Talking about the gap between China and the United States in the field of large models, Chairman and CEO Kaifu Lee said that a year ago, China’s large model and OpenAI, Google to start large model research and development compared to the time, there is a gap of 7 to 10 years; But today, the gap between China and the US is narrowing and is now about six months.
Liu Zhiyuan was plagiarised for this time to recall the past ten years, the scientific research experience of the “change of the star” : in 2006, Liu Zhiyuan read a PhD, the main goal of the computer, artificial intelligence industry practitioners is to issue a paper at the top international conference; In 2014, Liu Zhiyuan began to work as a teacher. At that time, only by obtaining important results such as the best papers from internationally renowned conferences could he have the opportunity to be on the news homepage of the department.
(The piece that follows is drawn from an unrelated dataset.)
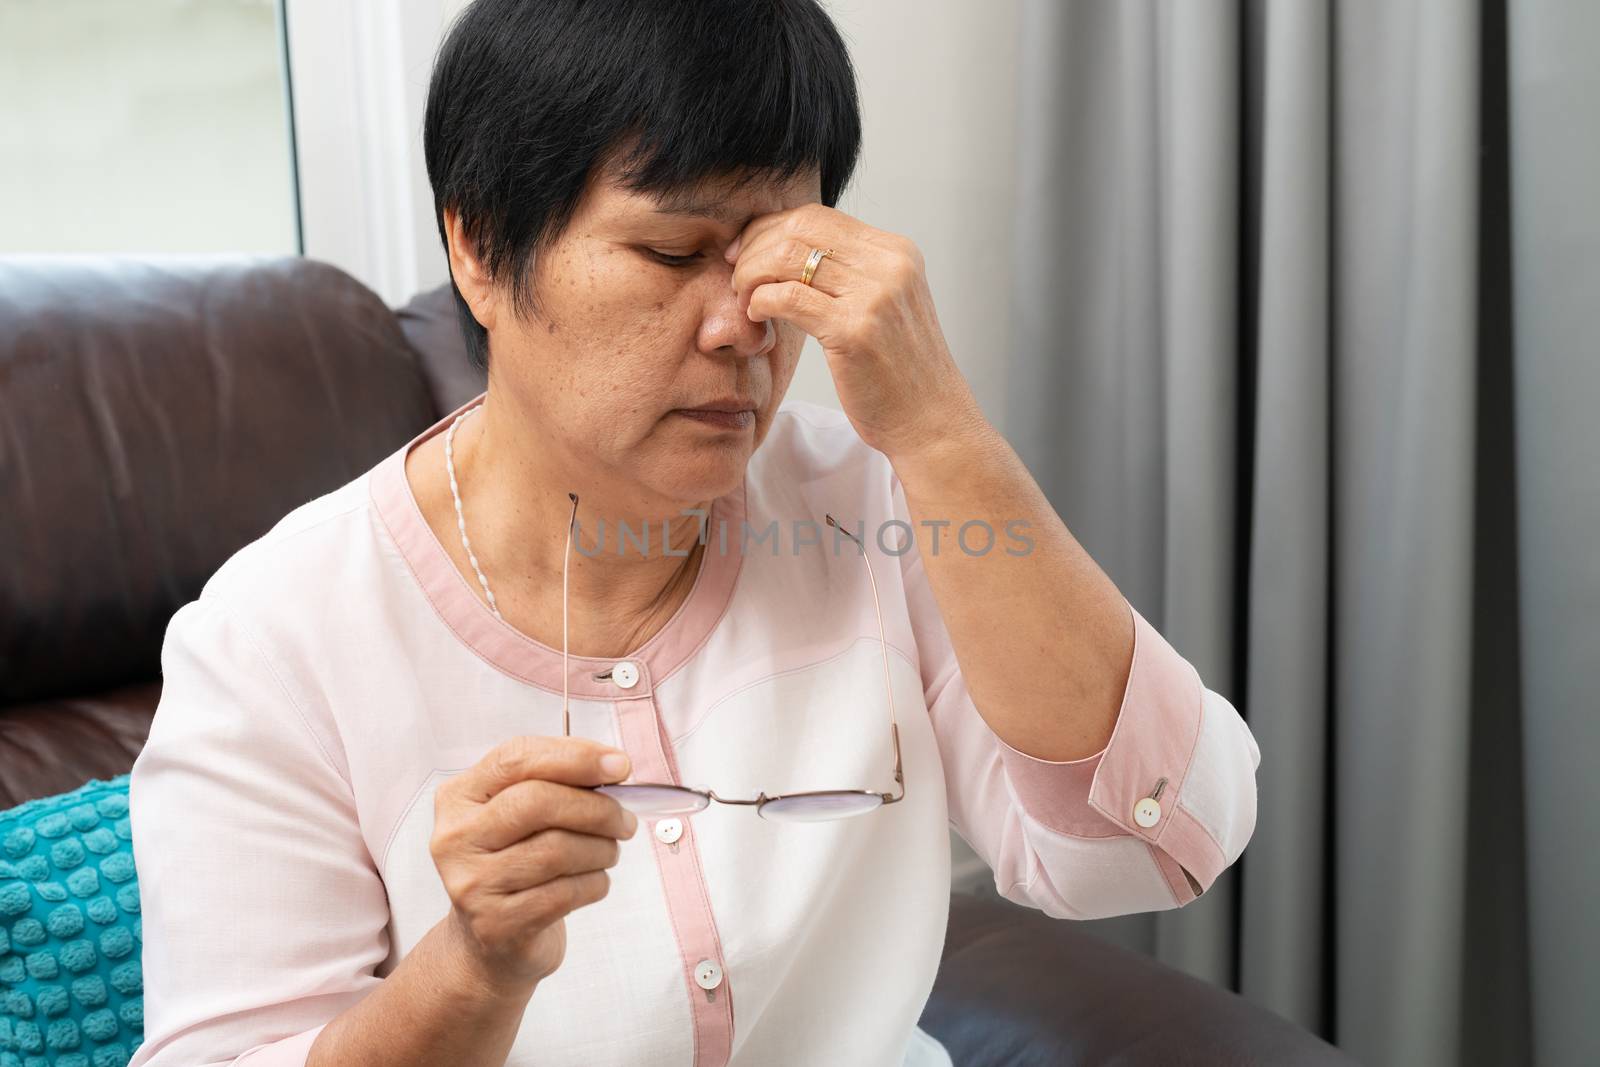 Tired old woman removing eyeglasses, massaging eyes after readin by psodaz

In 2018, the language representation model BERT was published, and the research team saw its revolutionary significance, and made a knowledge enhancement pre-training model ERNIE, published in the ACL (Association for Computational Linguistics) 2019 annual conference, such results at that time have been considered to stand on the international frontier; In 2020, OpenAI released 170 + billion parameter GPT-3, practitioners are clearly aware of the gap with the international top results, know shame and then brave began to explore the “big model”; At the end of 2022, OpenAI launched ChatGPT, which made the public really feel the gap between domestic and foreign in the field of AI, especially after the release of international open source models such as Llama in 2023, there began to be a saying that “foreign open source and domestic self-research”.
Today in 2024, Liu Zhiyuan said that industry practitioners should also see that domestic large model teams such as ZhipU – Tsinghua GLM, Ali Qwen, DeepSeek and Meibi – Tsinghua OpenBMB are receiving wide attention and recognition internationally through continuous open source sharing. This incident also reflects the international attention paid to domestic innovation achievements.
In addition to single mode, in April this year, Professor Zhu Jun, vice dean of the Institute of Artificial Intelligence of Tsinghua University, co-founder and chief scientist of Shengdu Technology, on behalf of Tsinghua University and Shengdu Technology, released China’s first video large model Vidu, which is regarded as the Chinese version of Sora (multi-mode large model released by OpenAI).
Zhou Zhifeng, partner of Qiming Venture Capital, said that today’s large model has gradually moved from the original pure language mode to the exploration of multi-modes. A lot of work has been cited by the OpenAI and Stable Diffusion teams. Tang Jiayu, CEO of Sheng Number Technology, believes that the research of multi-modal large models is still in its infancy, and the technology maturity is not high. This is different from the hot language model, and foreign countries have been ahead of an era. Therefore, compared with the “volume” on the language model, Tang Jiayu believes that multi-modal is an important opportunity for domestic teams to seize the large model track.
Lin Yonghua, vice president and chief engineer of Beijing Zhiyuan Artificial Intelligence Research Institute, holds a more rigorous attitude, she told the first financial reporter that China’s corner overtaking in the multi-modal field is a certain possibility, but the more critical thing is to see the successful elements of the multi-modal model – still computing power, algorithms and data. At the current algorithm level, the difference between the Chinese and American teams is not so big, and the computing power will not cause the biggest problem, and the industry still has ways to solve the computing power problem. However, Lin Yonghua believes that the current data problem is the biggest resistance, even if the wisdom source has been doing AI training data expansion, but to obtain massive high-quality data, it is still very difficult.